Lab Class Scientific Computing, WISM454
Adriaan Graas, 2022

Optimization

  • An optimization problem has the goal to find the best solution from a set of candidate solutions $\mathcal D$. That is, to find an $\hat x \in \mathcal D$ such that $$ \hat x = \text{argmax}_{x \in \mathcal{D}} f(x)$$ for a real-valued function $f : \mathcal D \to \mathbb{R}$.
  • Example: linear optimization with a system $A\mathbf{x} = \mathbf{b}$ can be written as: $$ \text{argmin}_{\mathbf{x} \in \mathbb{R^n}} \|A\mathbf{x} - \mathbf{b}\|_2^2 $$
  • In this case, $f := \|A\mathbf{x} - \mathbf{b}\|_2^2$ and $\mathcal{D} := \mathbb{R^n}$.
  • Another example: combinatorial optimization. Assume a collection of $m$ objects with weights $w_0, \dots, w_{m-1}$ and a bag (Knapsack) to carry $M$ weight. Which objects should be taken to be as close to $M$ as possible?
  • For the Knapsack problem: define a bitstring $\mathbf{b}:=[b_0, \dots, b_{m-1}]$ with $b_i \in \{0, 1\}$, and each $b_i$ indicating whether or not to take item $i$.
  • Find a $\mathbf{b}$ with maximum total weight: $$ \text{argmax}_{\mathbf{b} \in \mathcal{D}} \, \sum_{i=0}^{m-1} b_i w_i. $$
  • $\mathcal D$ is the set with bitstrings that yield weight less than $M$: $$\mathcal{D} := \left\{\mathbf{b}\,\, \bigg\vert \,\,\sum_{i=0}^{m-1} b_i w_i \leq M\right\}$$
  • Last example: Travelling Salesman Problem. Assume $n$ cities, and distances given between each.

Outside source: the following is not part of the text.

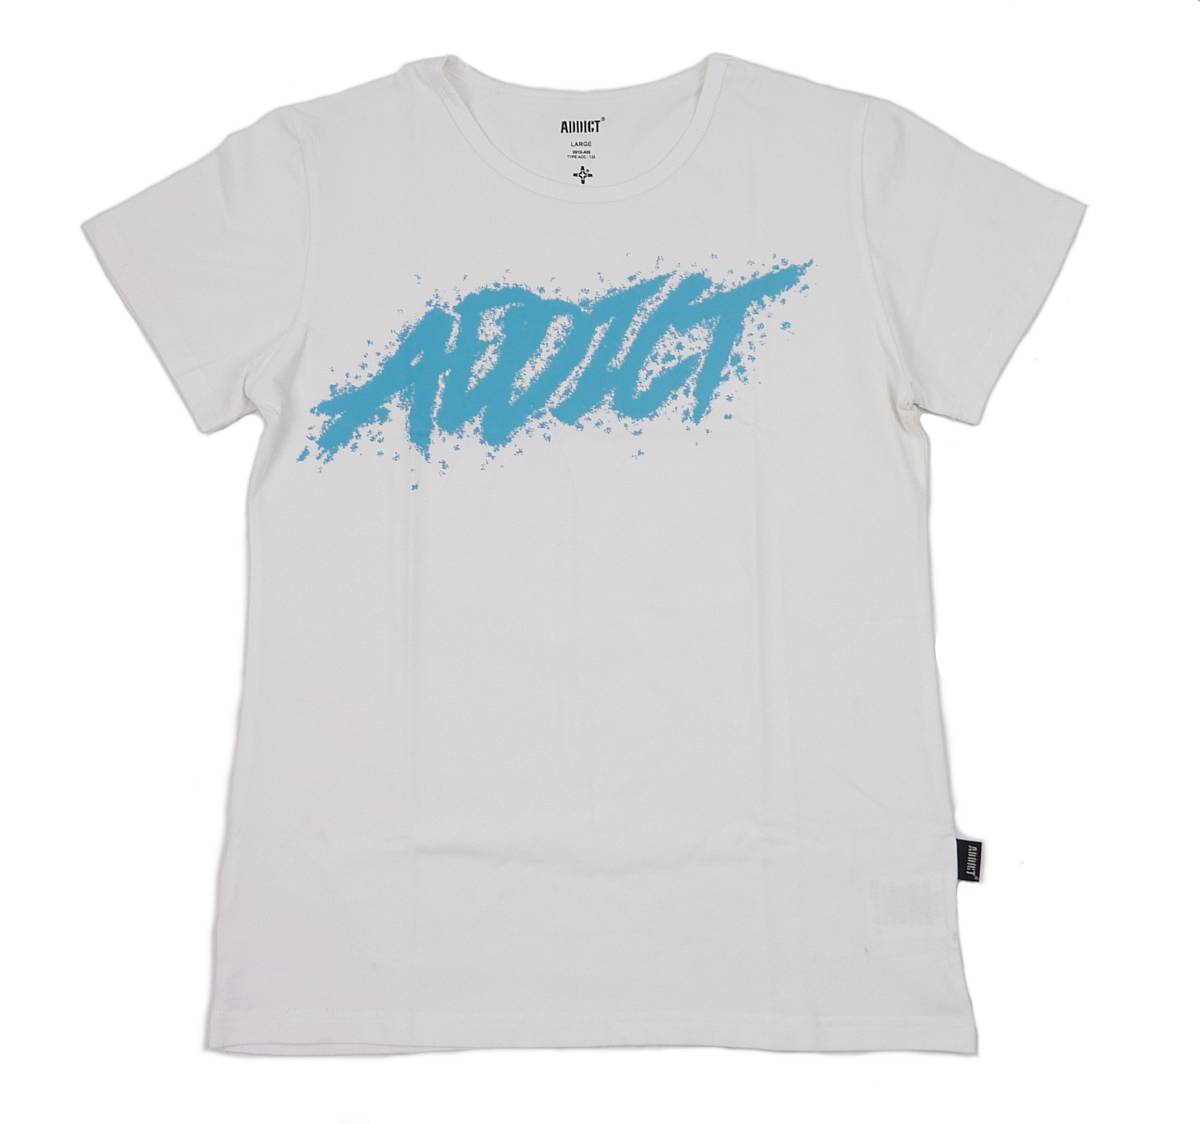 Addict アディクト スプレーペイント TEE 半袖 Tシャツ 並行輸入品 ホワイト L プレゼント 特価商品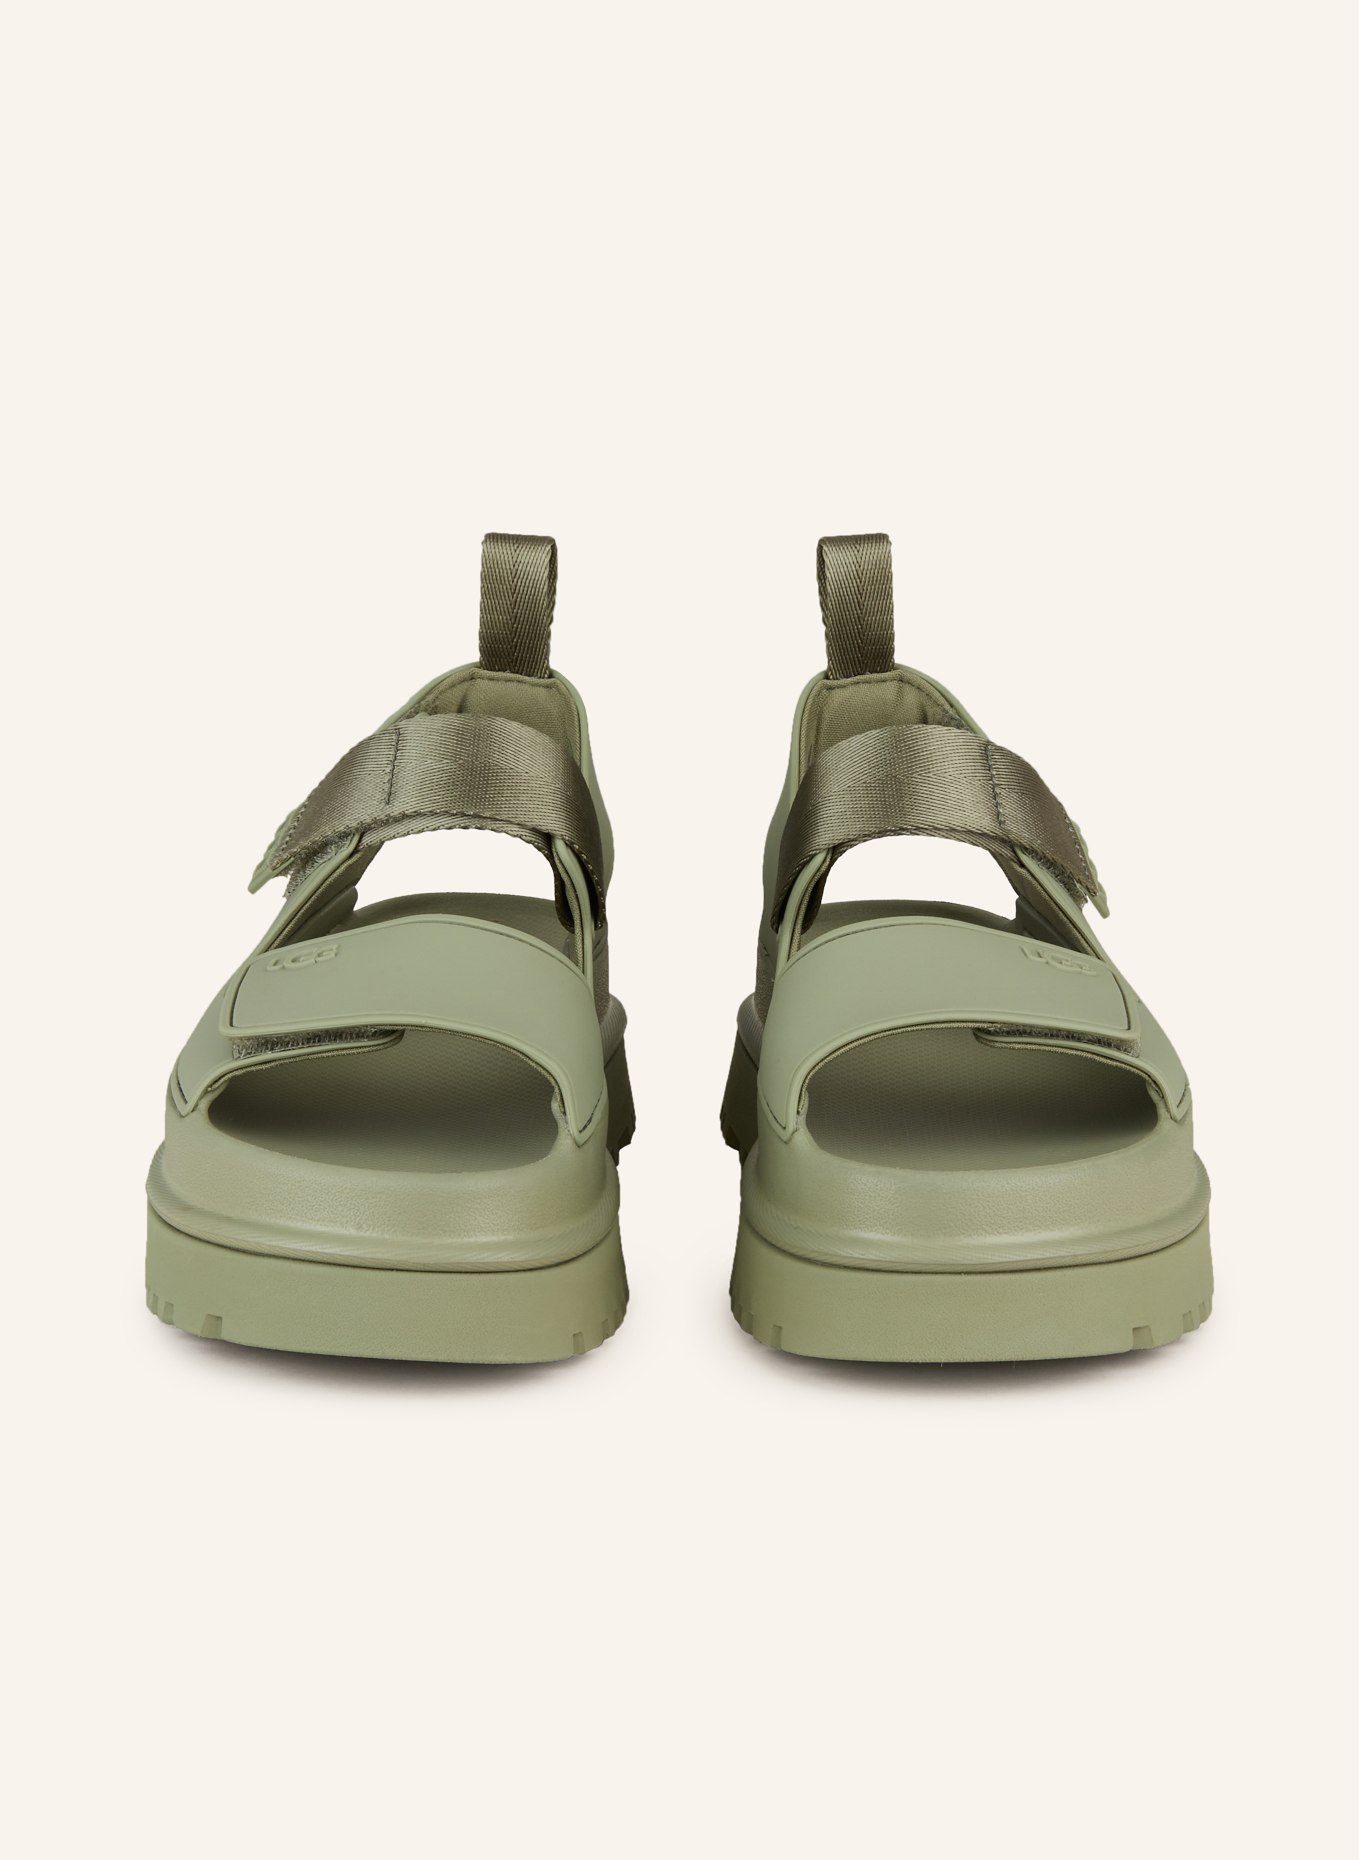 UGG Platform sandals GOLDEN GLOW, Color: OLIVE (Image 3)

What is the shortest possible round trip visiting all cities?

Genetic Algorithms

  • Genetic Algorithms are a general way to solve optimization problems.
    • No restrictions on $f$ (e.g., smooth, linear, convex, differentiable, ...).
    • Genetic Algorithms are a metaphor, not really related to evolutionary biology.
  • Basic idea: a subset of $\mathcal D$ is evolved through many generations.
    • The subset $\mathcal{G} := \{x_0, \dots, x_n\} \subseteq \mathcal D$ is called a population or generation.
    • Solutions $x_i \in \mathcal G$ are called members or chromosomes.
  • The representation of a chromosome $x_i$ can be a vector, a bitstring (e.g. $[0, 1, 1, 1, 0, 0, 1, \dots ]$) or other datastructures.
  • The iterative cycle of a genetic algorithm is:
    • Selection: choose $x_i \in \mathcal G$ that you want to keep.
    • Combination: create new $x_i$ by recombining favorable properties.
    • Mutation: (random) not-optimal perturbation to diversify the solutions.
  • Selection of members $x_i$ is based on their fitness, a "relative importance" value based on the objective value $f(x_i)$. Existing ideas are:
    • truncation selection,
    • tournament selection,
    • and, roulette wheel selection.
  • The operations of combination and mutation depend, generally, on the underlying datastructure. The most illustrative example is the bitstring:
    • Combination is achieved by merging two solutions $x_i$ and $x_j$ through a crossover operator $\mathcal C$. An example is 2-point crossover (see picture).
    • Chromosomes $x_i$ are mutated by flipping bits in the bitstring randomly.

Project outline

  • Exercise 4.1 start with a GA library and a bitstring problem:
    • Use the coursebook chapter 4, and given example code.
    • Test problem: integer maximization.
    • Implement a GA concept called elitism.
  • Exercise 4.2 is a project of choice:
    • Either Travelling Salesman Problem or a problem/project of your own. May be more technically, mathematically or application-oriented.
    • Discuss project proposal before starting it!
    • Teaming up is allowed.
  • Small, individual presentation at the end of the course:
    • ~5 minutes, and just a couple of slides, really suffice.
    • Pick a technical topic that you liked, highlight a result, or explain what you have been working on.